Everything from the line with "Chosen Verse On" to the line with "gofilemaker.de ist seit Ende 2010 online" in the listing below, both lines included, needs to be copied exactly, apart from the pictures.

▶ _RECORDS SUPPLIED_

=== Begin Enclosure ===

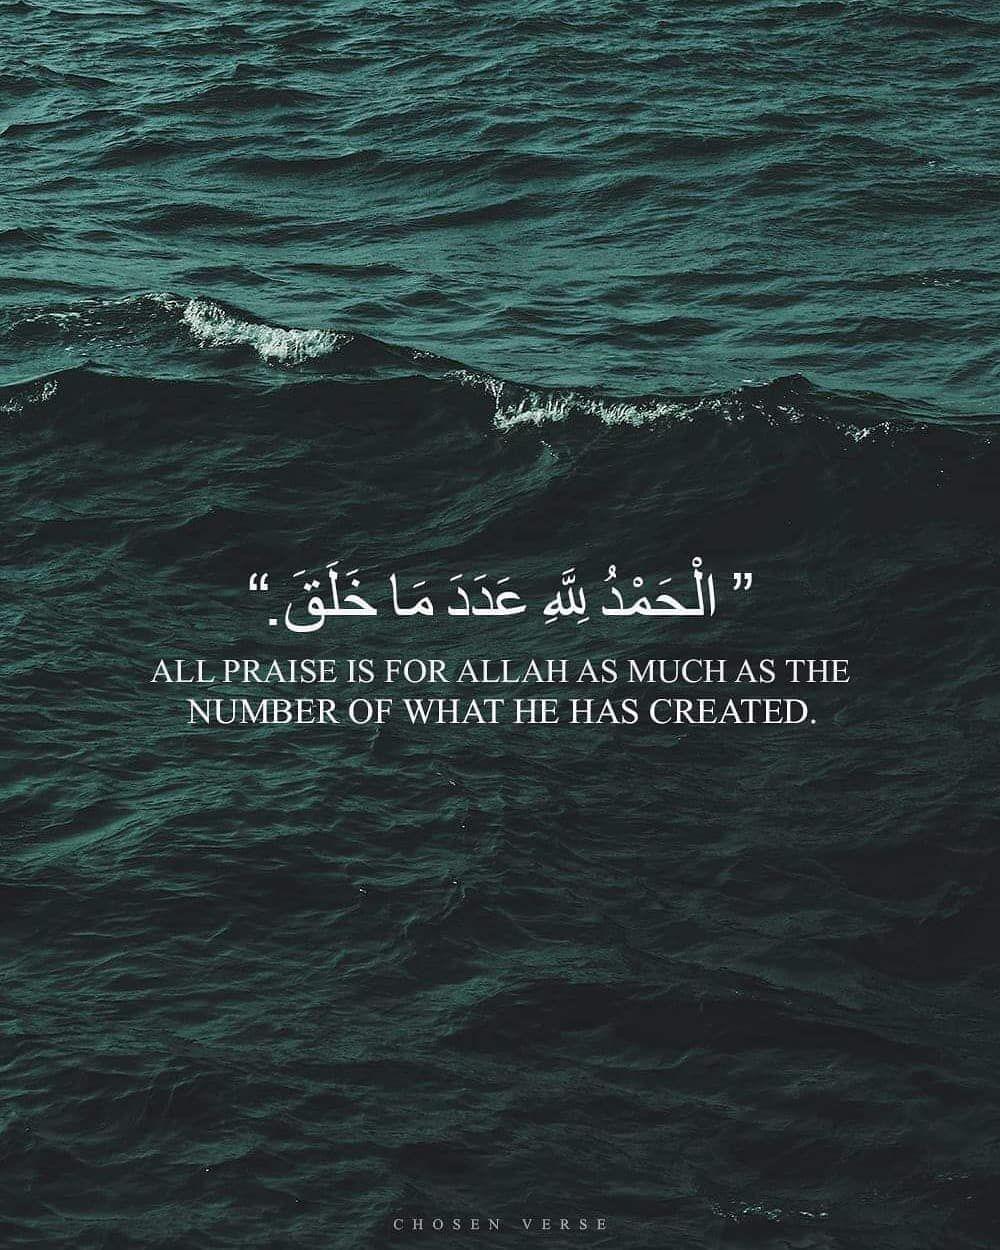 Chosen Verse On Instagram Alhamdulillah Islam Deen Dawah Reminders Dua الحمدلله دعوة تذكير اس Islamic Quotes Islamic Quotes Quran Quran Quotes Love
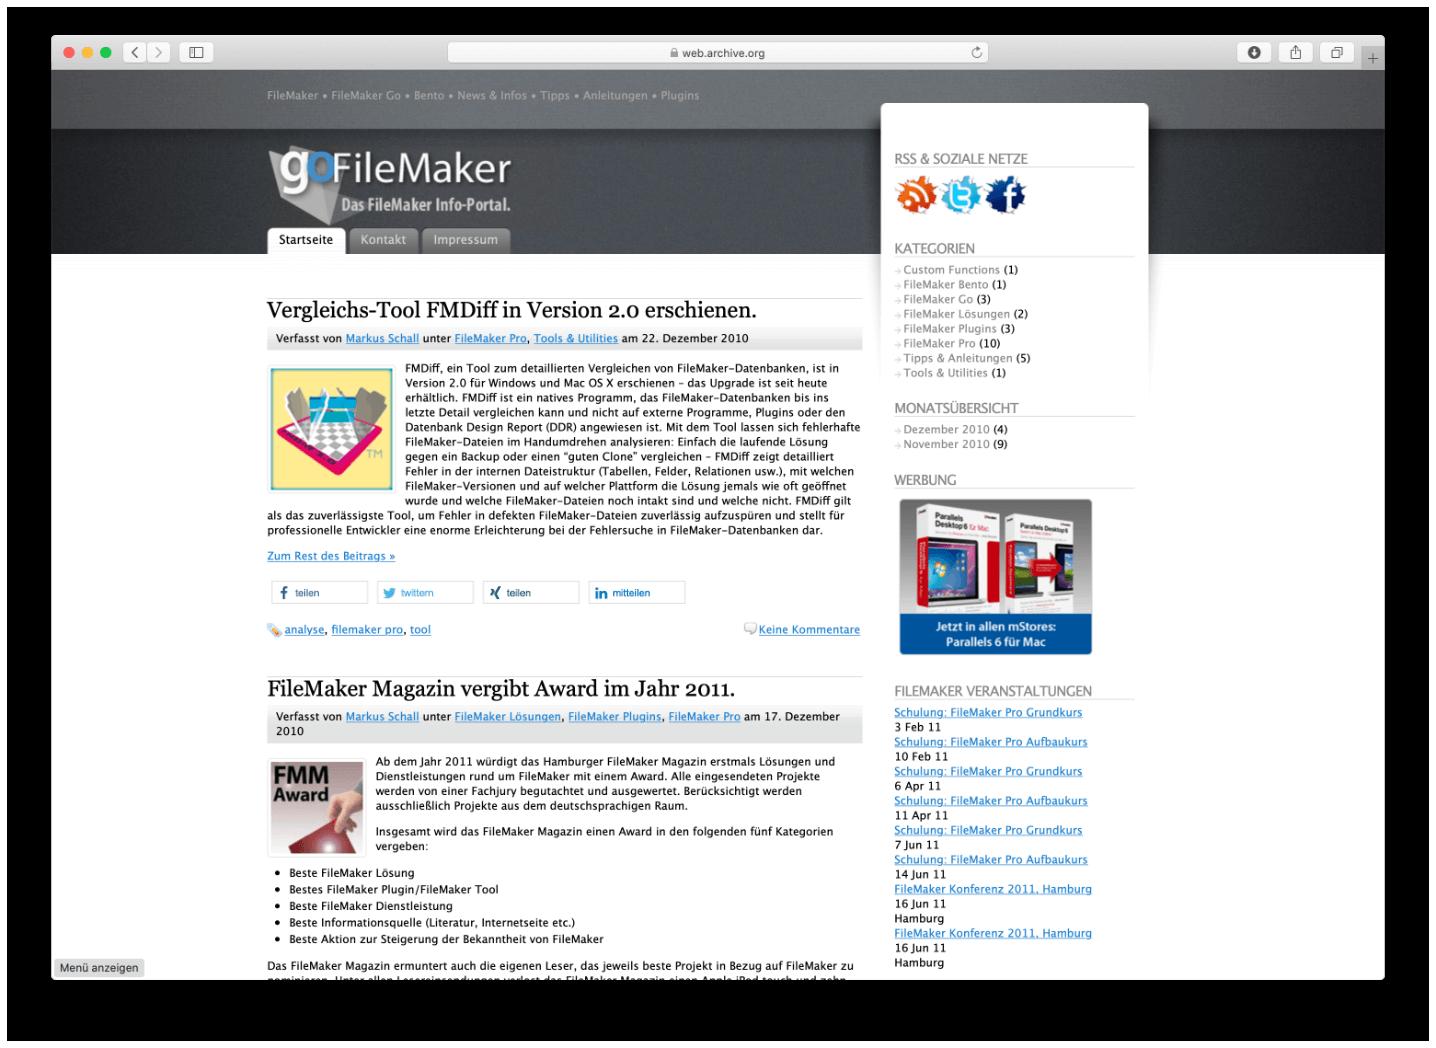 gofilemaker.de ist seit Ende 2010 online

=== End Enclosure ===
=== Begin Enclosure ===

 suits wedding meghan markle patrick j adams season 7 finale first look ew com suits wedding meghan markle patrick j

=== End Enclosure ===
=== Begin Enclosure ===

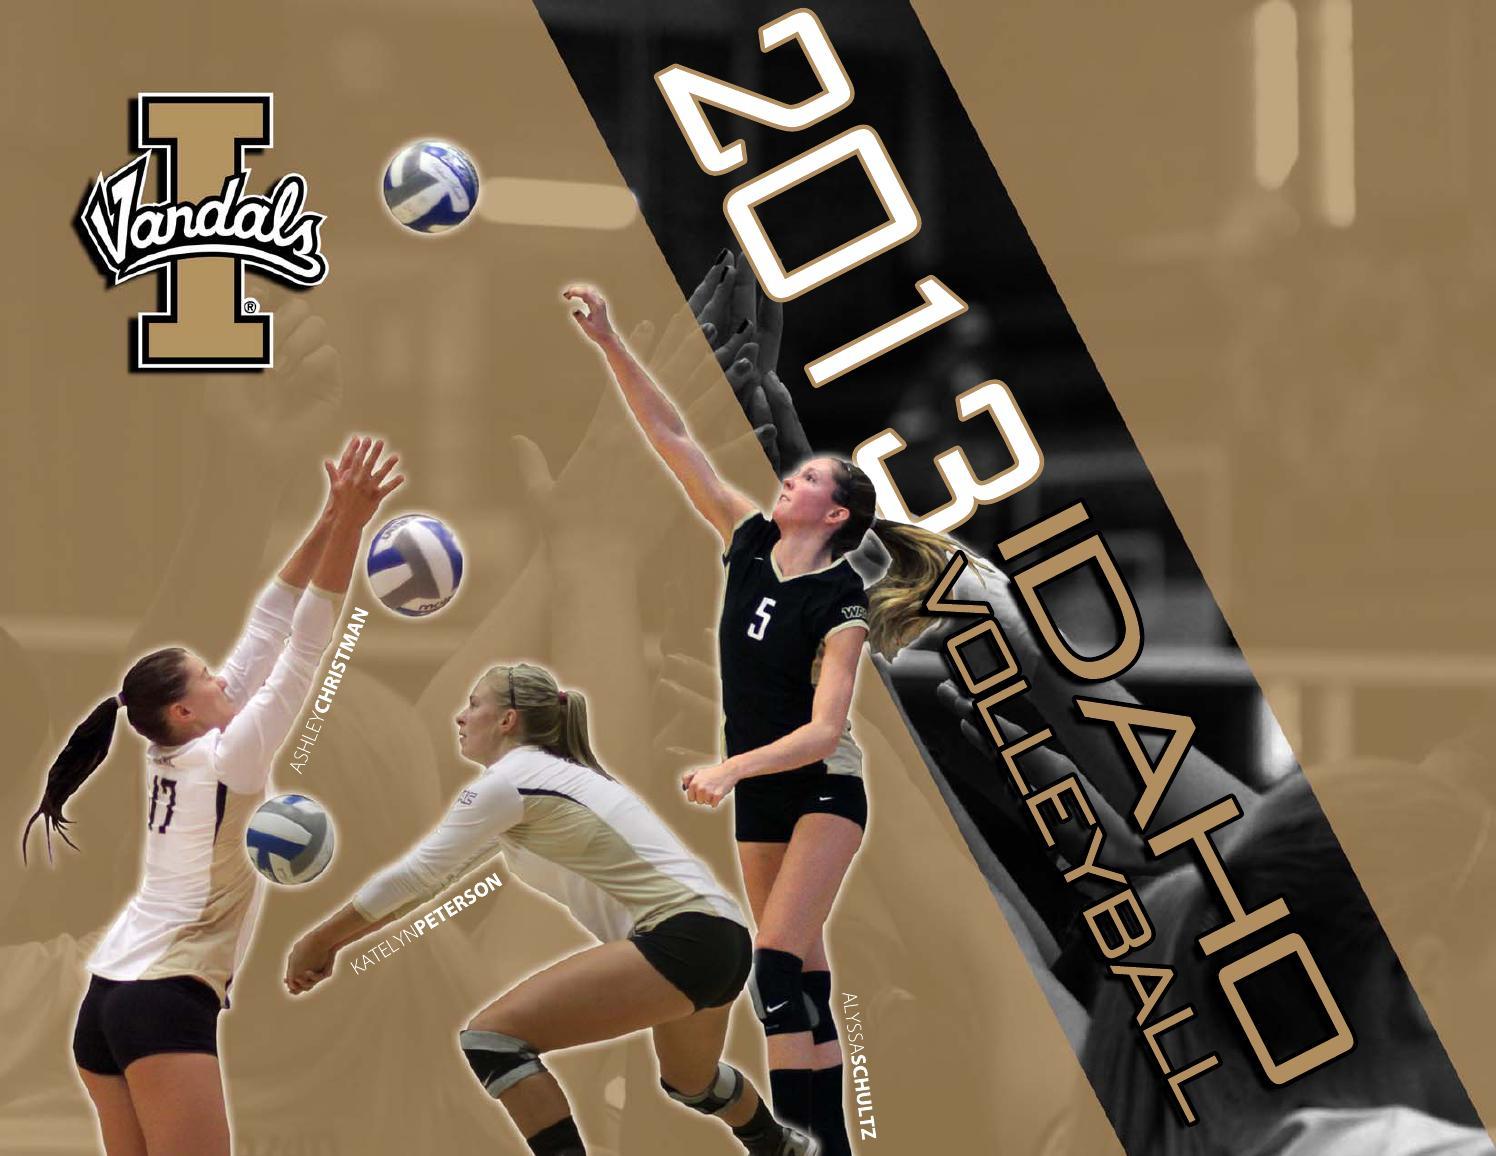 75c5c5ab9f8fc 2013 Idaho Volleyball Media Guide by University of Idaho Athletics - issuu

=== End Enclosure ===

▶ _REPLY_
 Chosen Verse On Instagram Alhamdulillah Islam Deen Dawah Reminders Dua الحمدلله دعوة تذكير اس Islamic Quotes Islamic Quotes Quran Quran Quotes Love
 gofilemaker.de ist seit Ende 2010 online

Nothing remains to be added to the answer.